What you should do: Please transcribe the listing below in full and word for word, without its pictures.

Provided data:
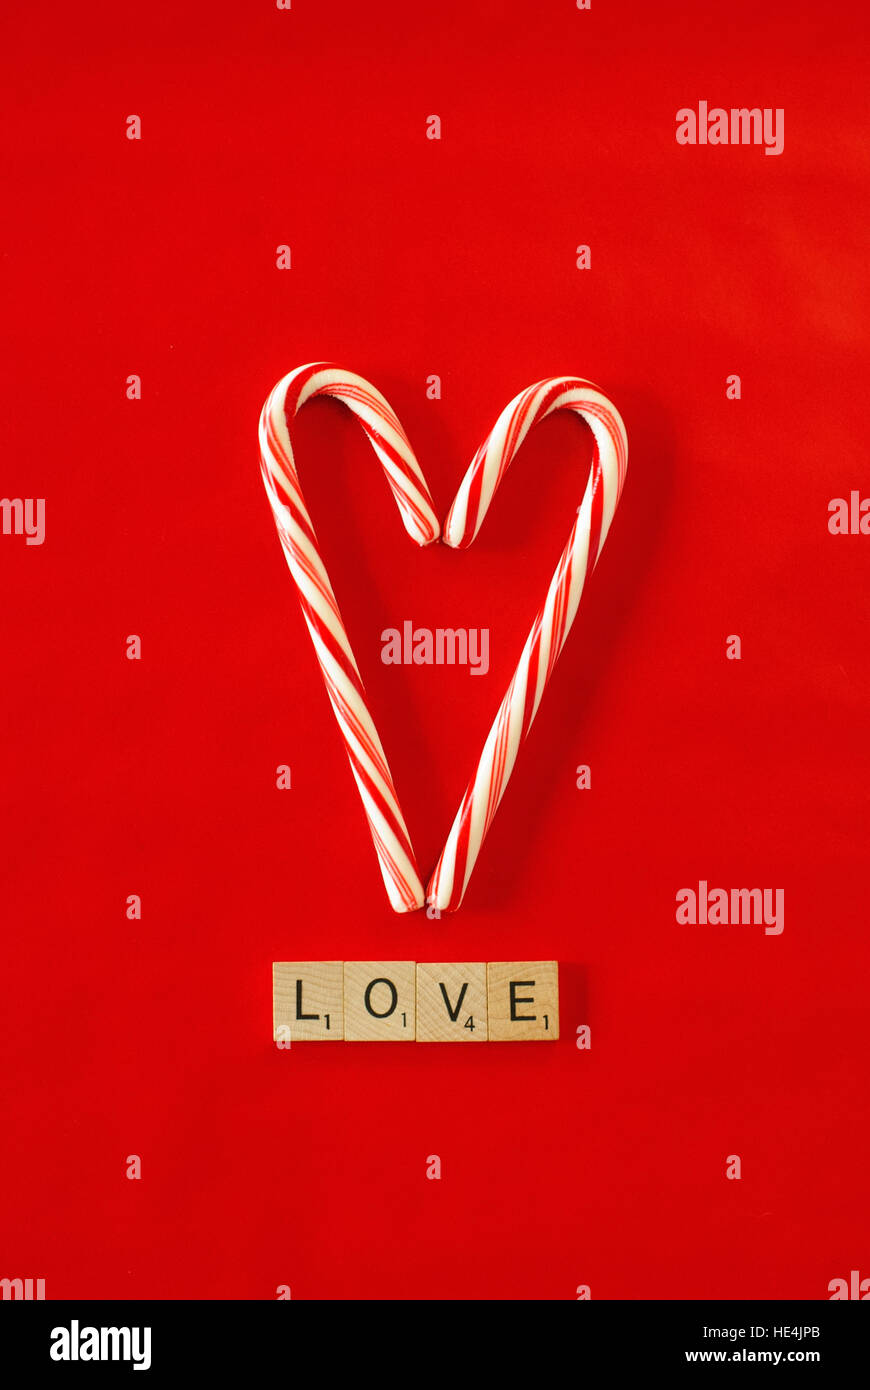 candy cane heart on red background, love in scrabble letters Stock Photo
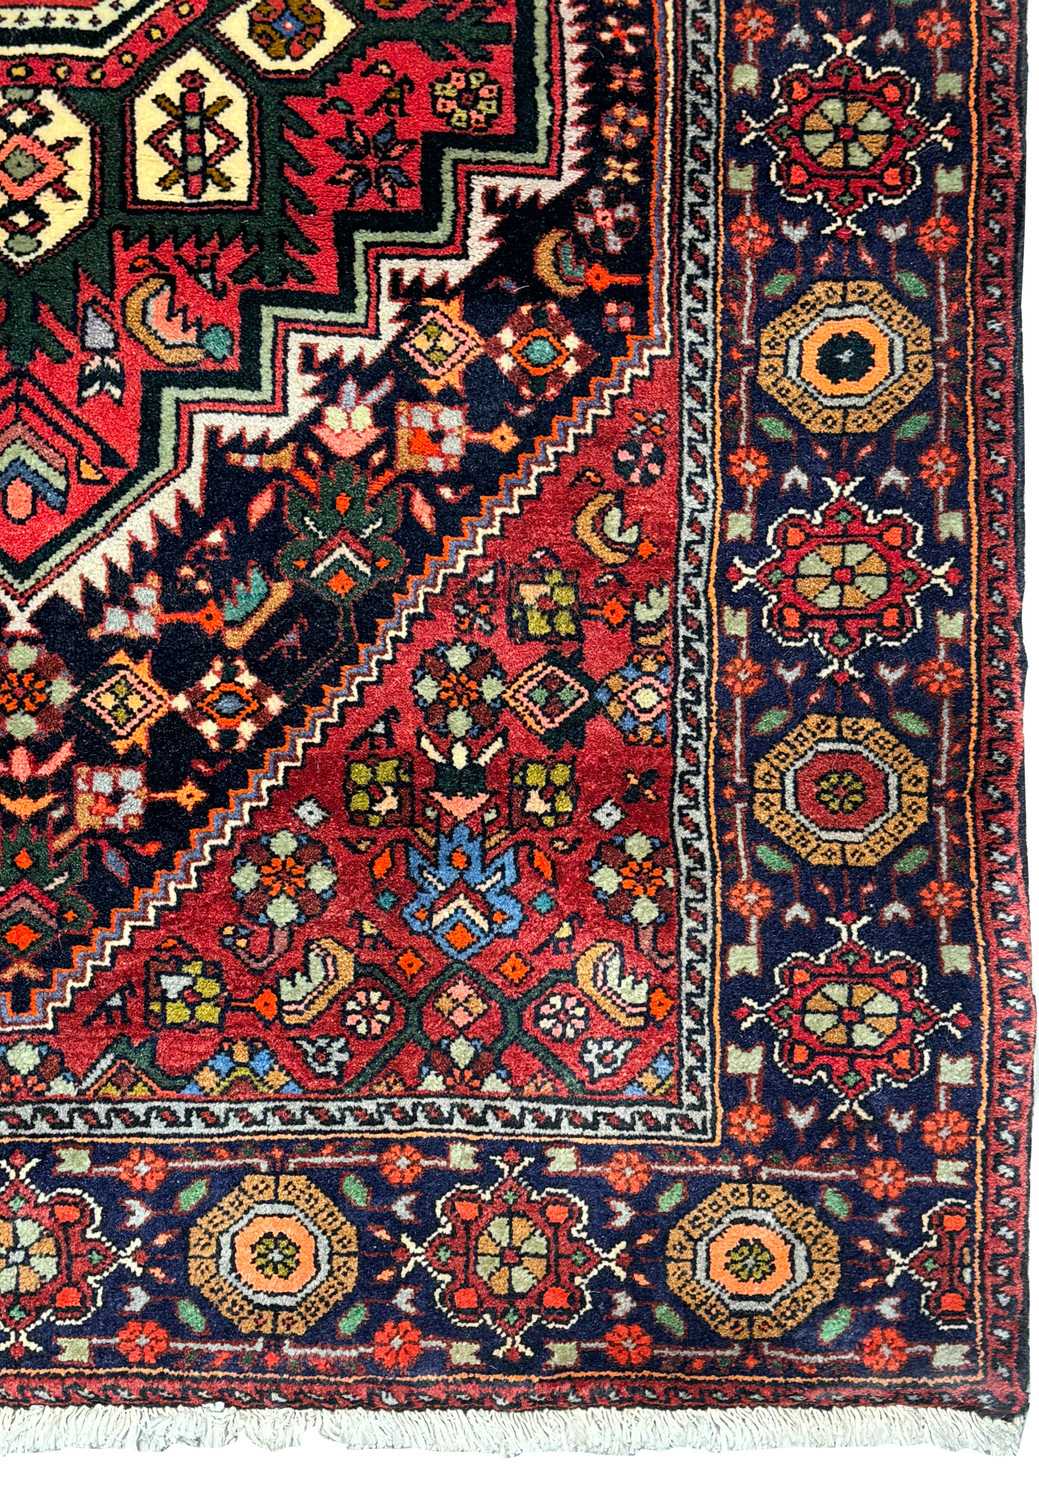 The corner of the Persian Gholtogh rug, displaying the fine craftsmanship of the border with its series of geometric and floral motif
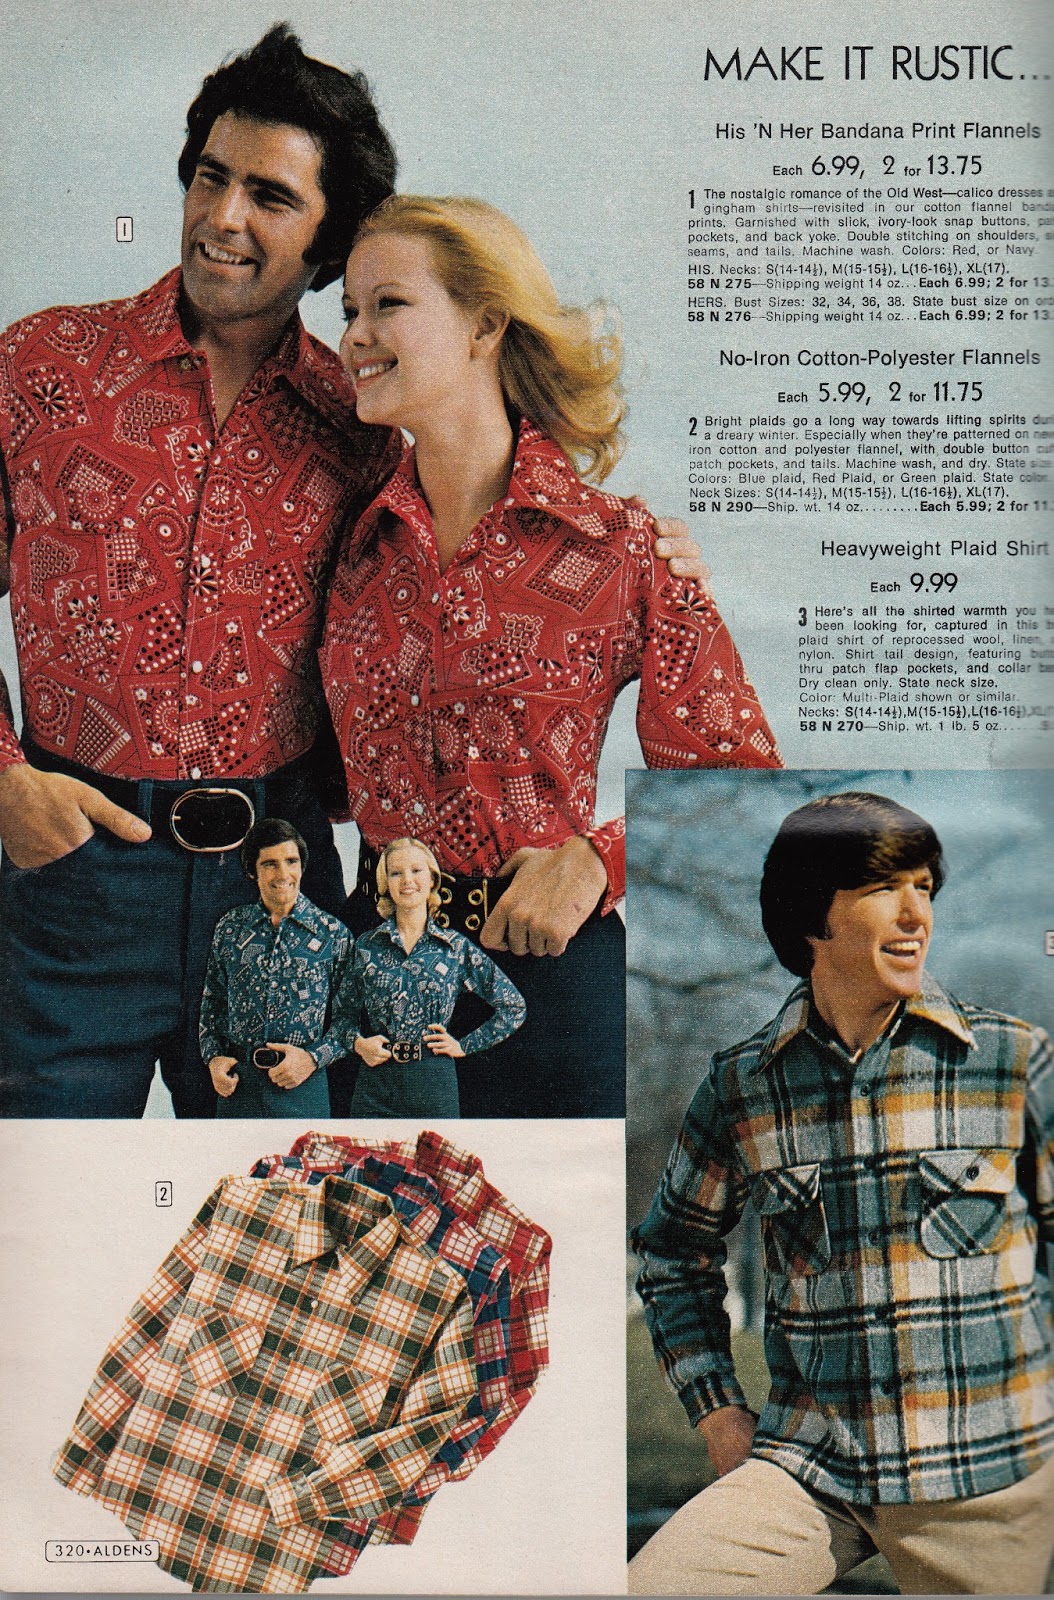 Kathy Loghry Blogspot: That's So 70s: Fashion as Couples Therapy - Part 3!
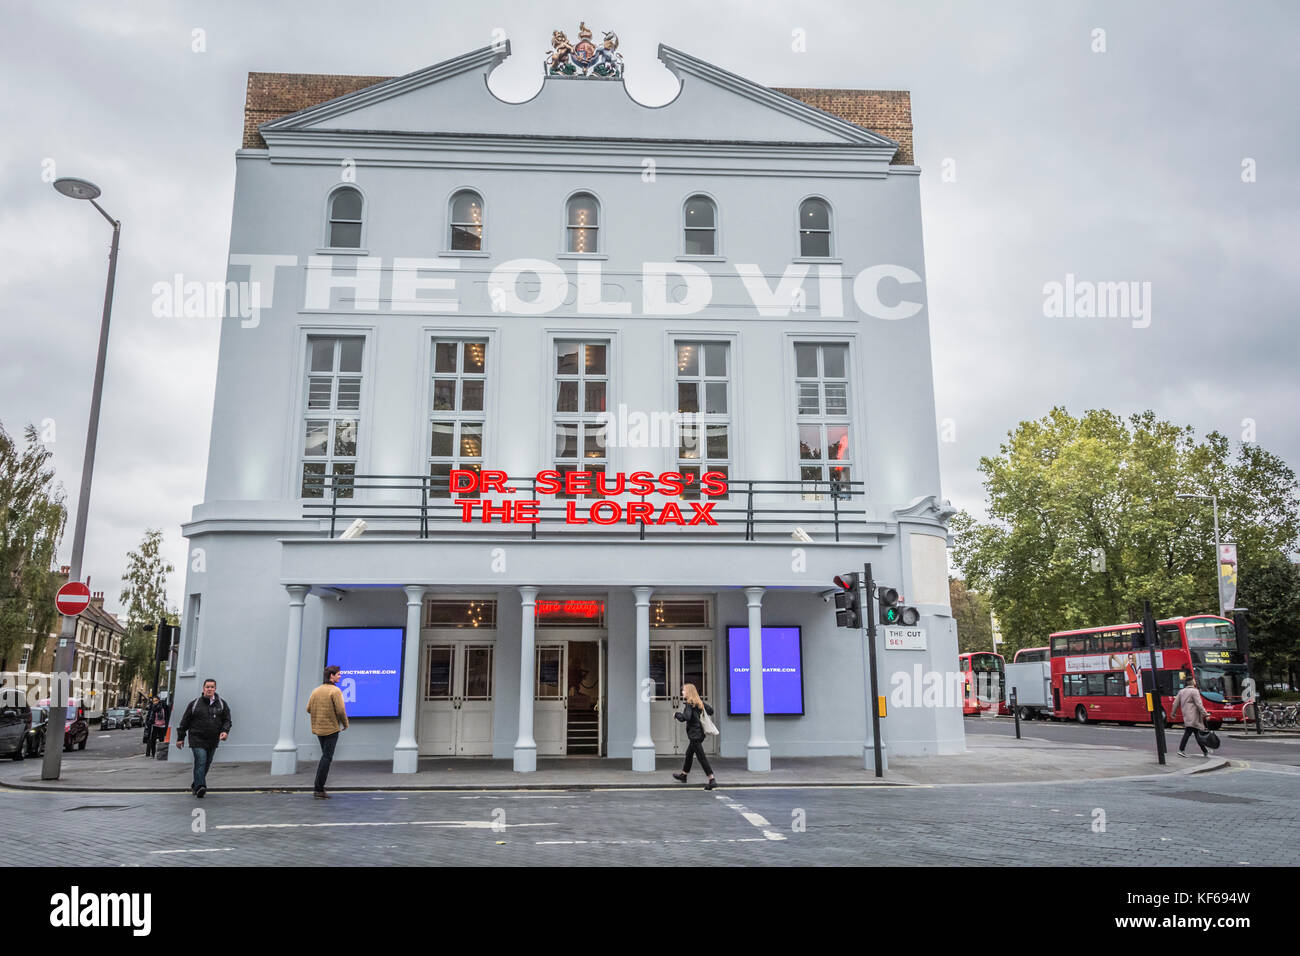 The Opening Night of Dr. Seuss's The Lorax at the Old Vic Theatre on The Cut in London, SE1, UK Stock Photo
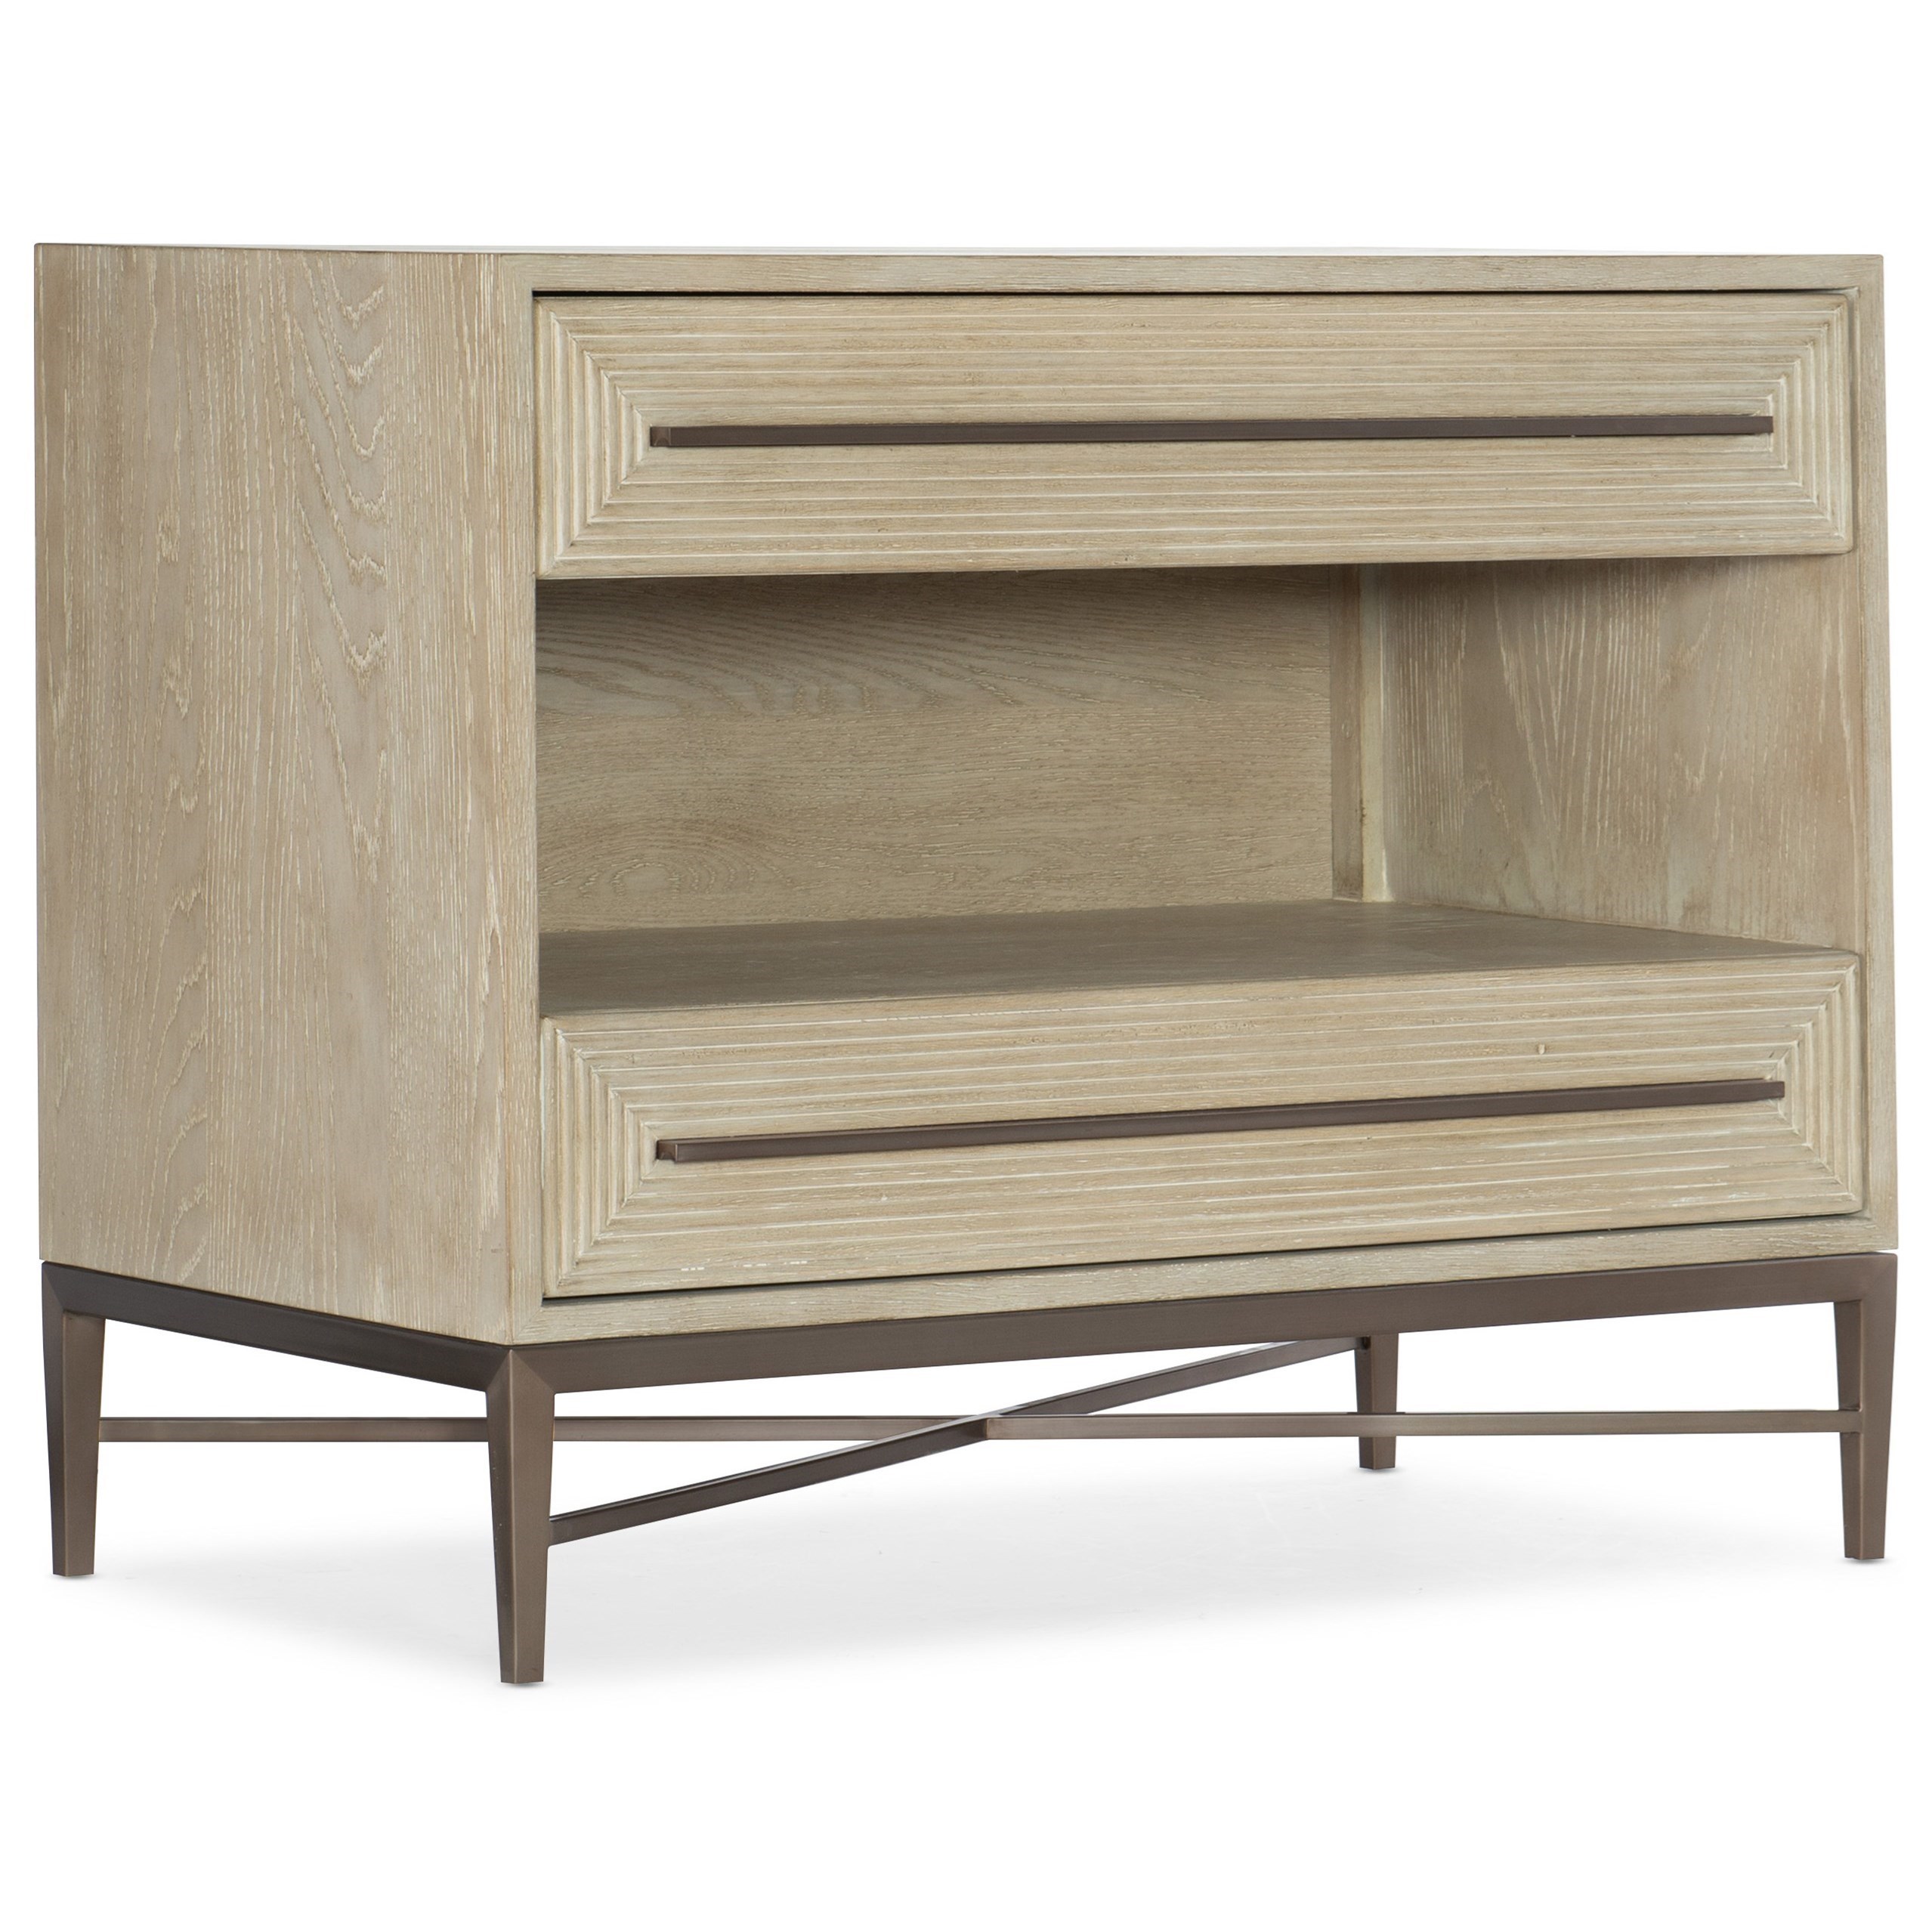 Contemporary Nightstand with USB Port

Answer section:
 candy cane heart on red background, love in scrabble letters Stock Photo
 The corner of the Persian Gholtogh rug, displaying the fine craftsmanship of the border with its series of geometric and floral motif
 Kathy Loghry Blogspot: That's So 70s: Fashion as Couples Therapy - Part 3!
 The Opening Night of Dr. Seuss's The Lorax at the Old Vic Theatre on The Cut in London, SE1, UK Stock Photo
 Contemporary Nightstand with USB Port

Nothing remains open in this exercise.